TO DO - The reply should hold only the lines from the one with "Nike Men's Hyperdunk" to the one with "Радуют цветочки Tulips", both ends kept, exactly as they appear below, without any pictures.

EXERCISE DATA -
* * * *
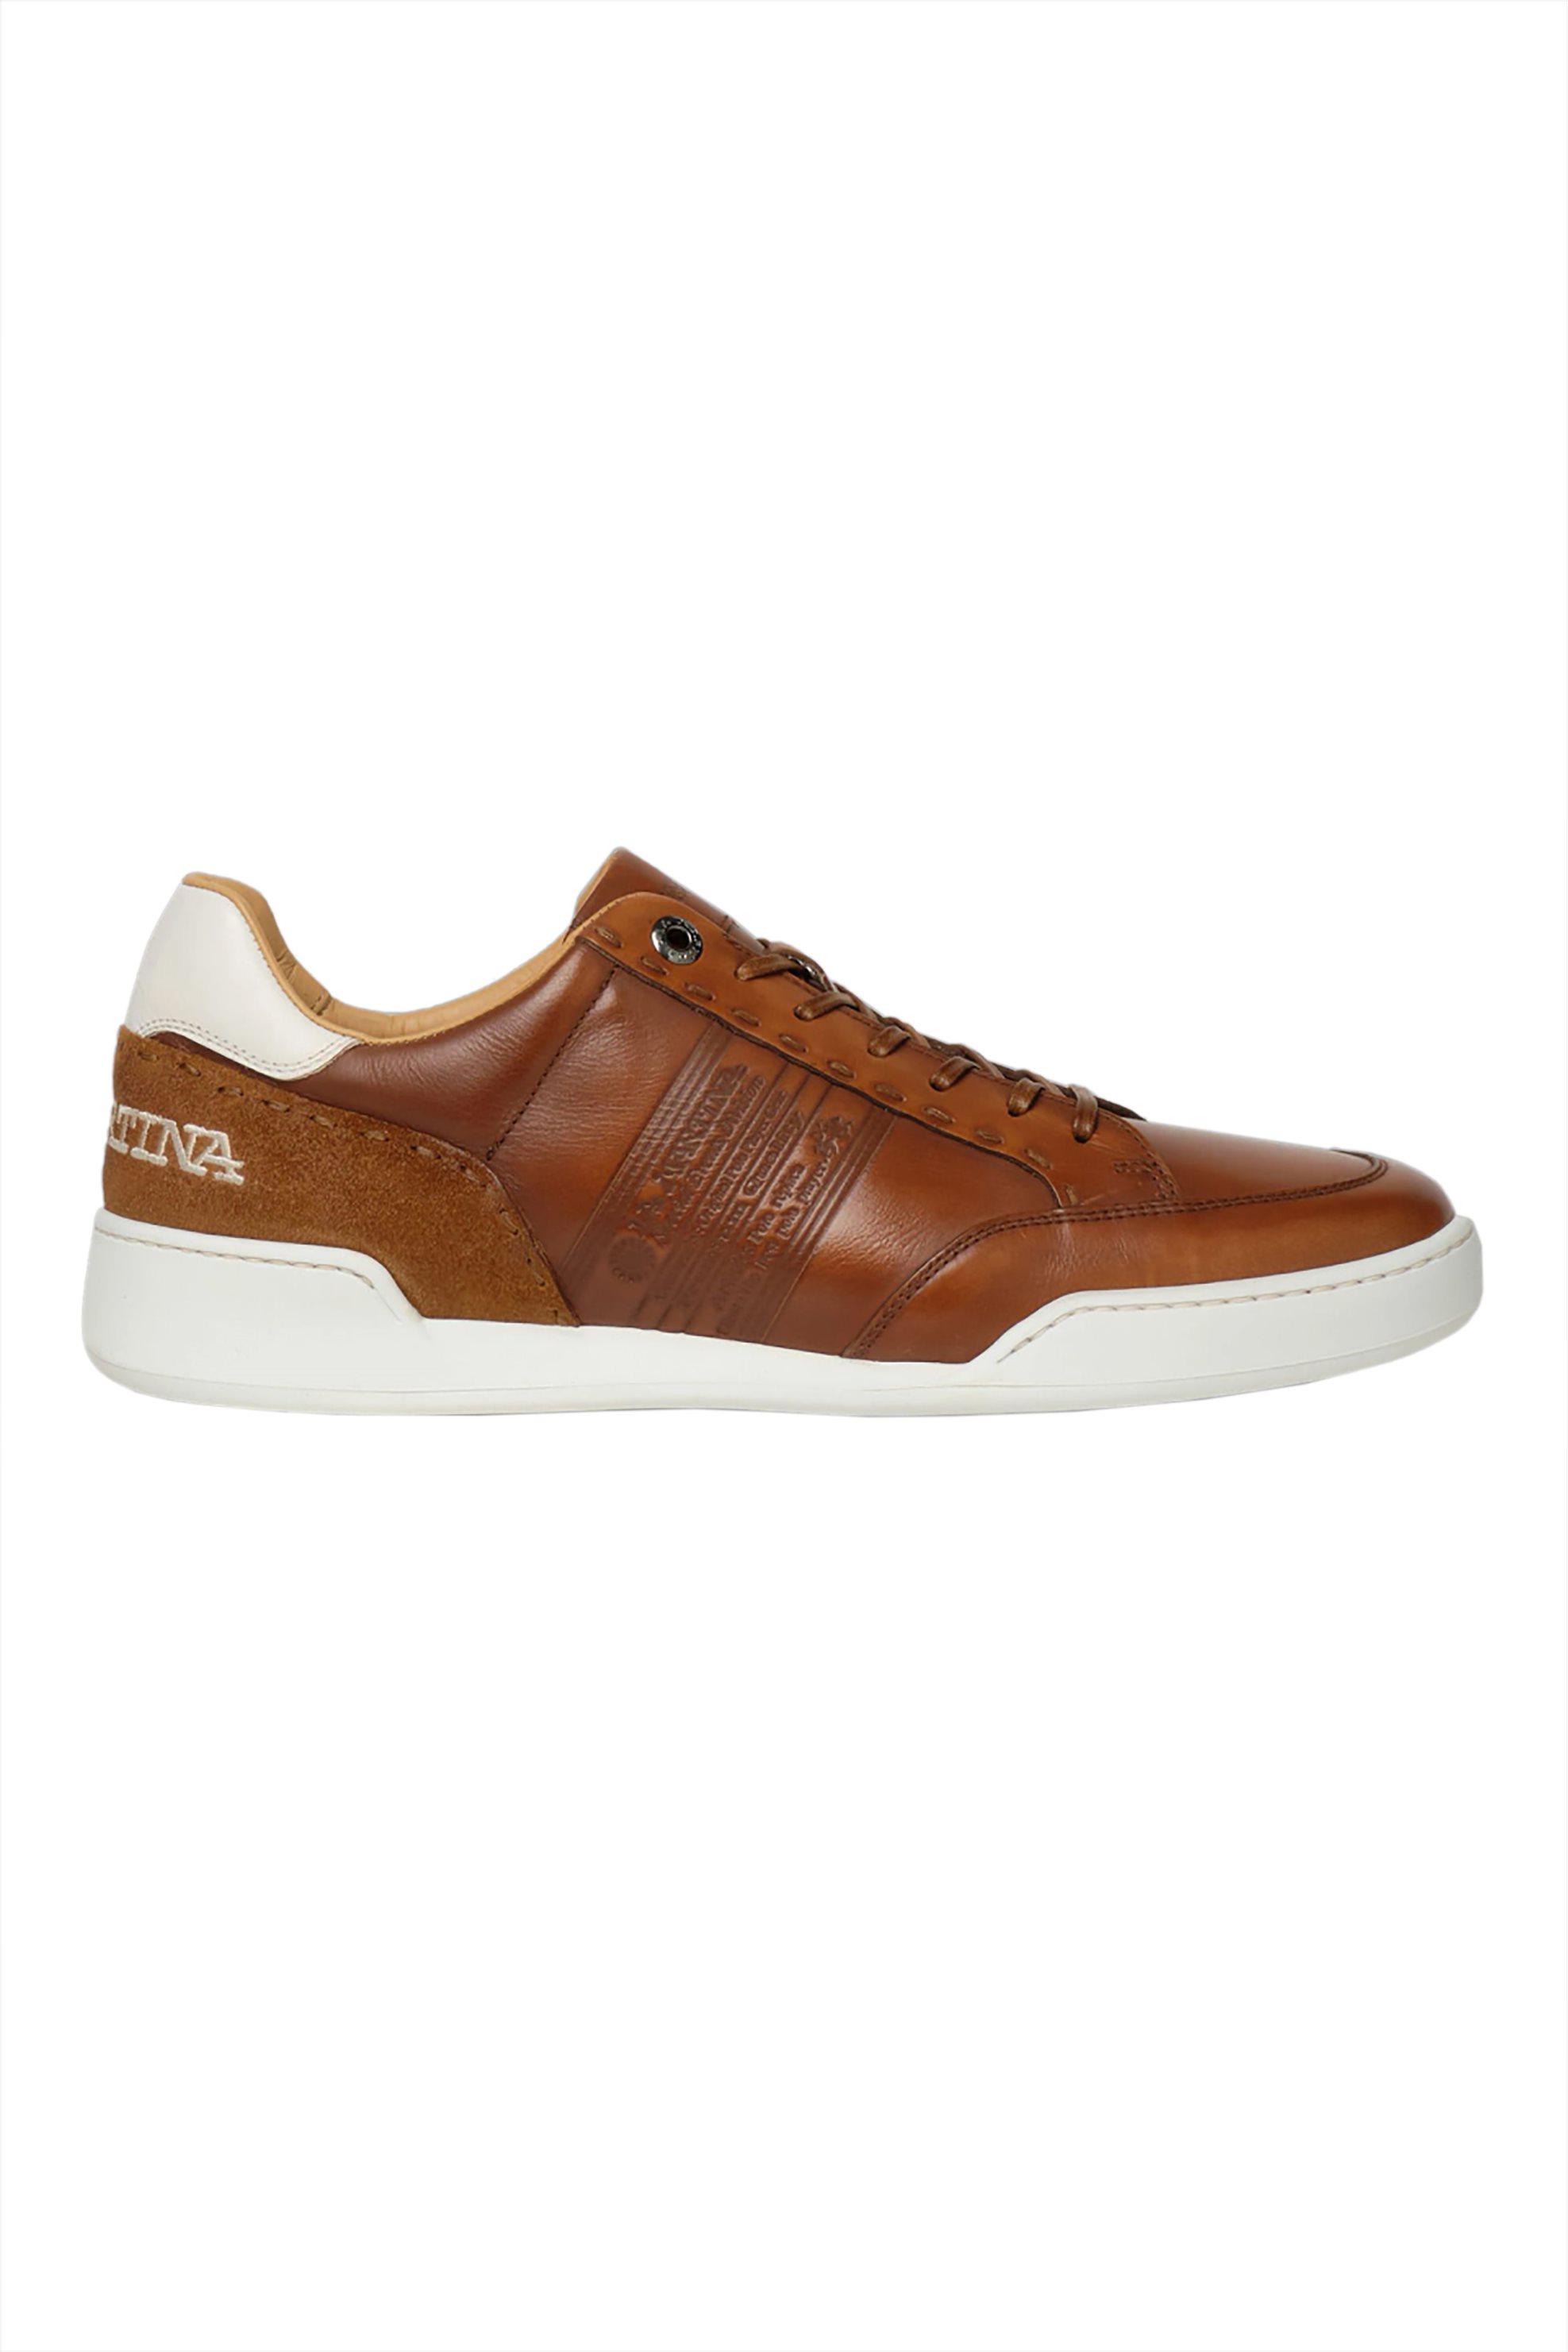 La Martina ανδρικά sneakers με διακοσμητικές ραφές και contrast λεπτομέρειες – LFM211040-2240 – Ταμπά
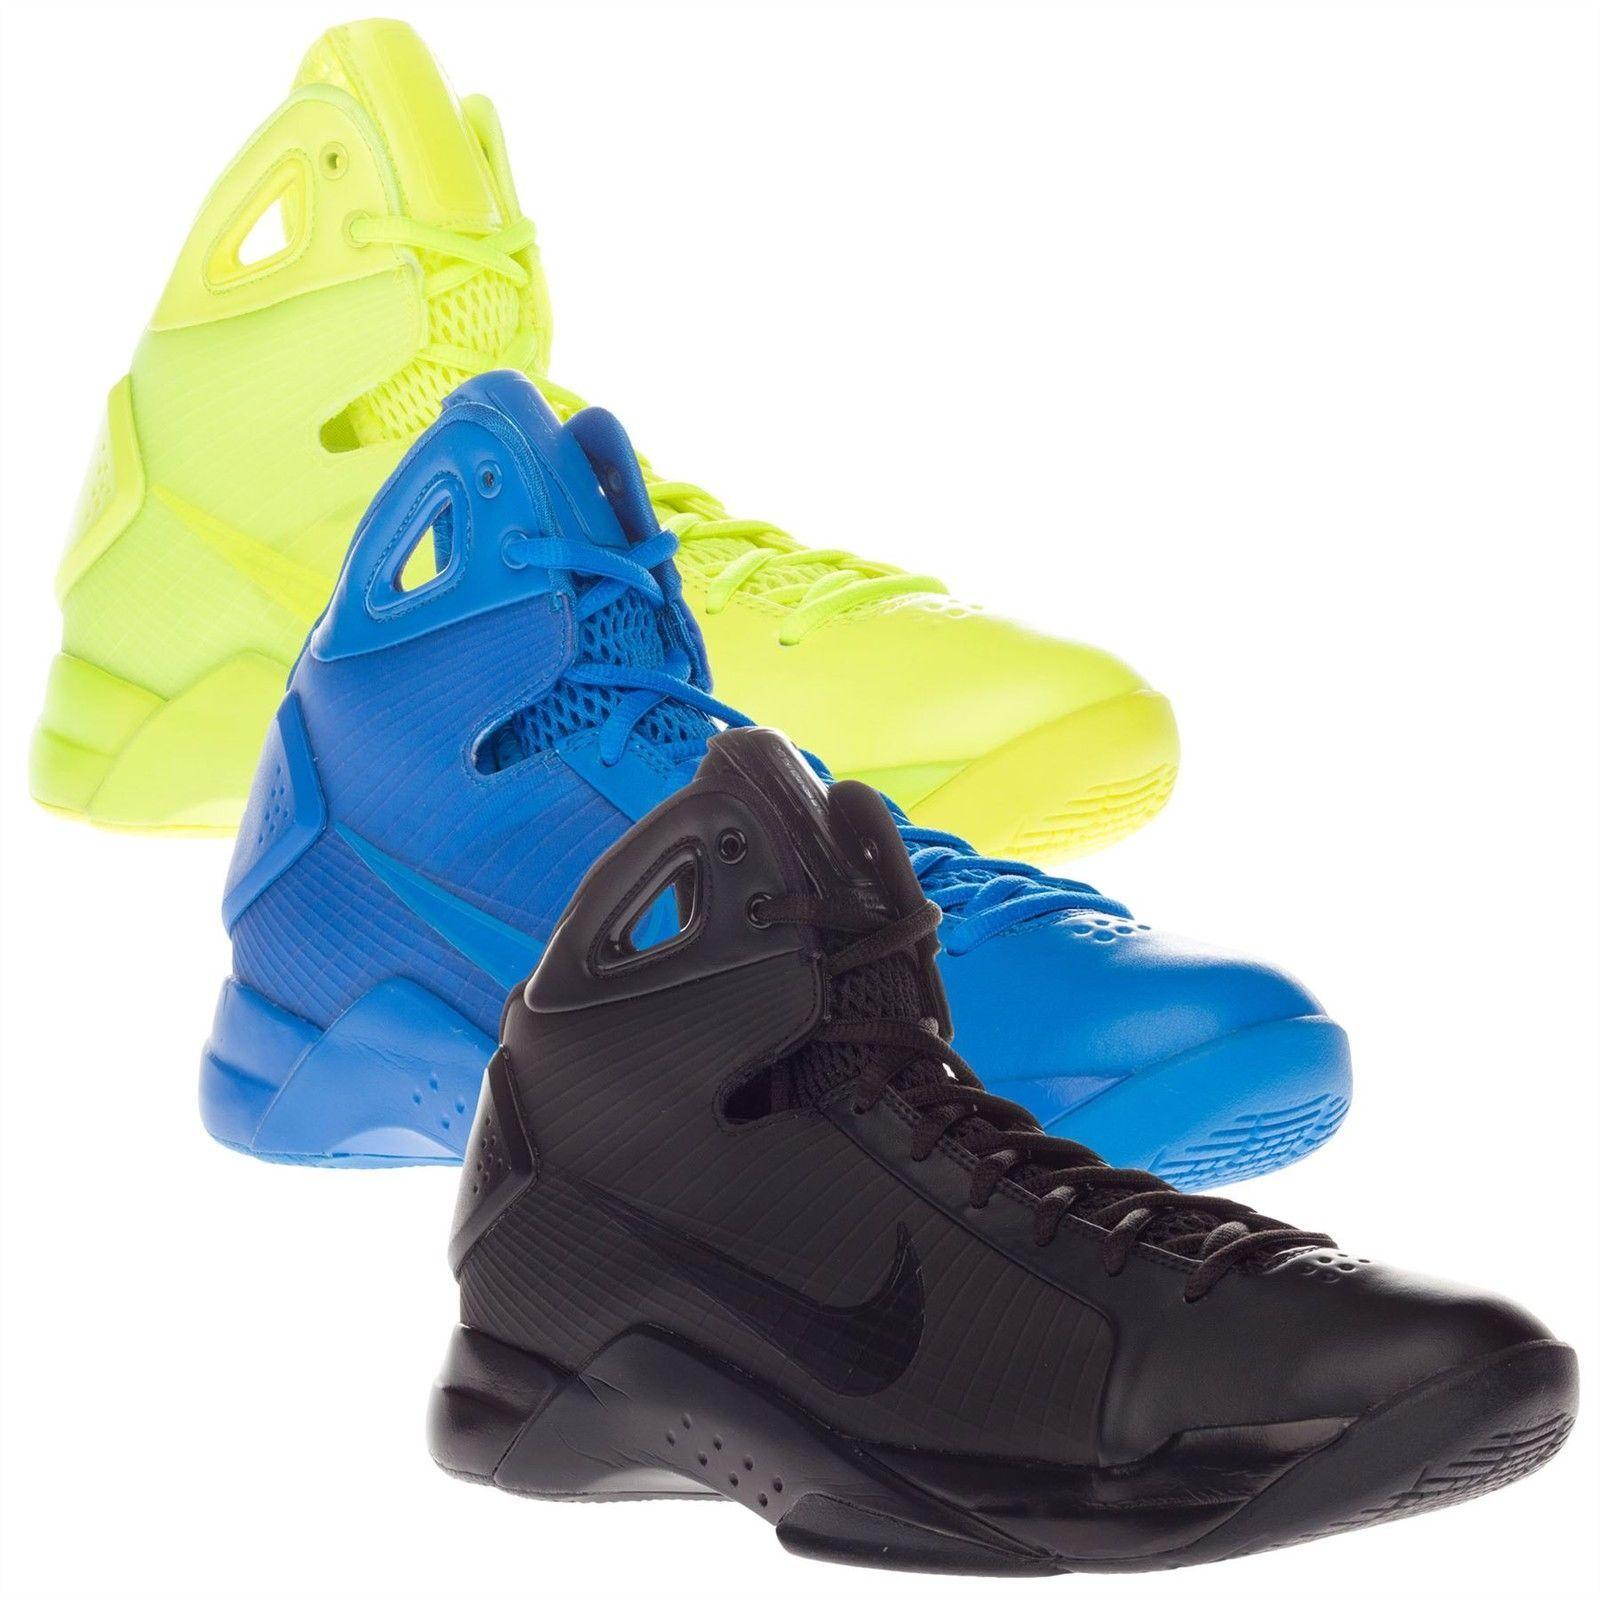 Nike Men's Hyperdunk '08 Trainers Retro High Top Basketball Running Trainers
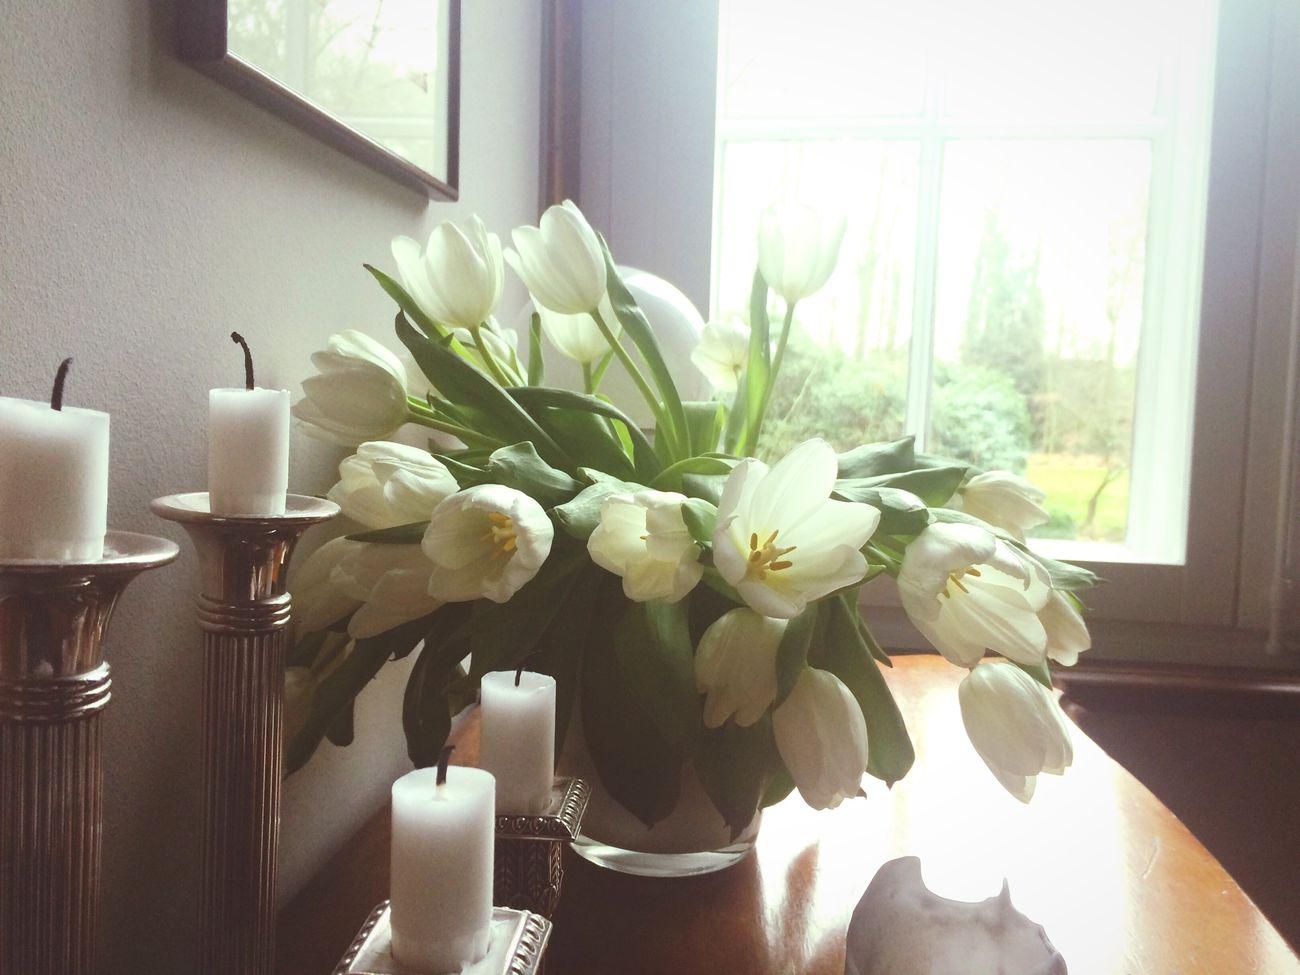 Радуют цветочки Tulips Flower Tulip Beautiful Beauty Nature Flowers House Cosy Cosyhome Light First Eyeem Photo
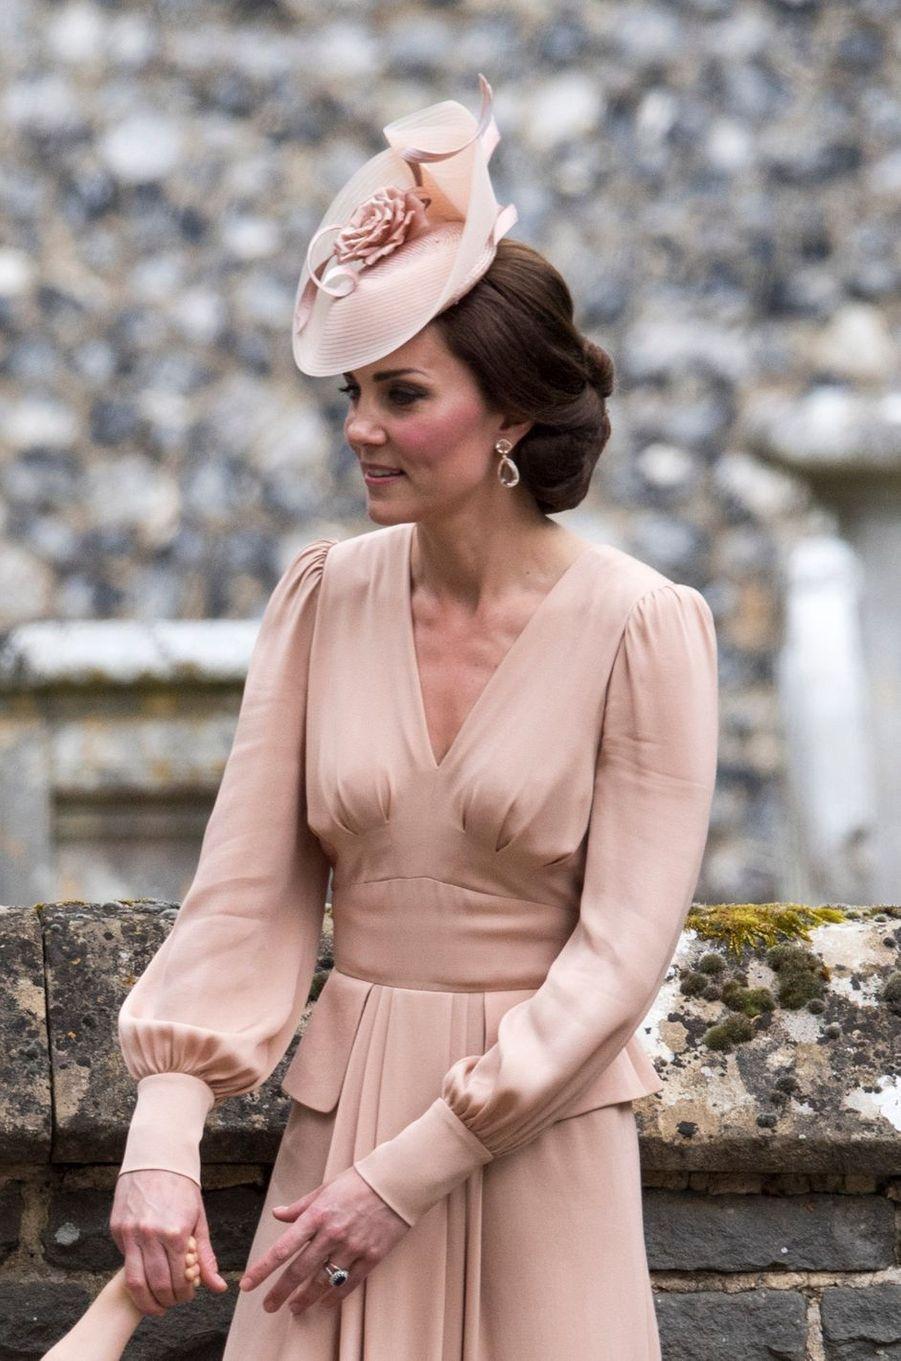 La duchesse Catherine de Cambridge au mariage de Pippa Middleton à Englefield, le 20 mai 2017
* * * *
REPLY -
 Nike Men's Hyperdunk '08 Trainers Retro High Top Basketball Running Trainers
 Радуют цветочки Tulips Flower Tulip Beautiful Beauty Nature Flowers House Cosy Cosyhome Light First Eyeem Photo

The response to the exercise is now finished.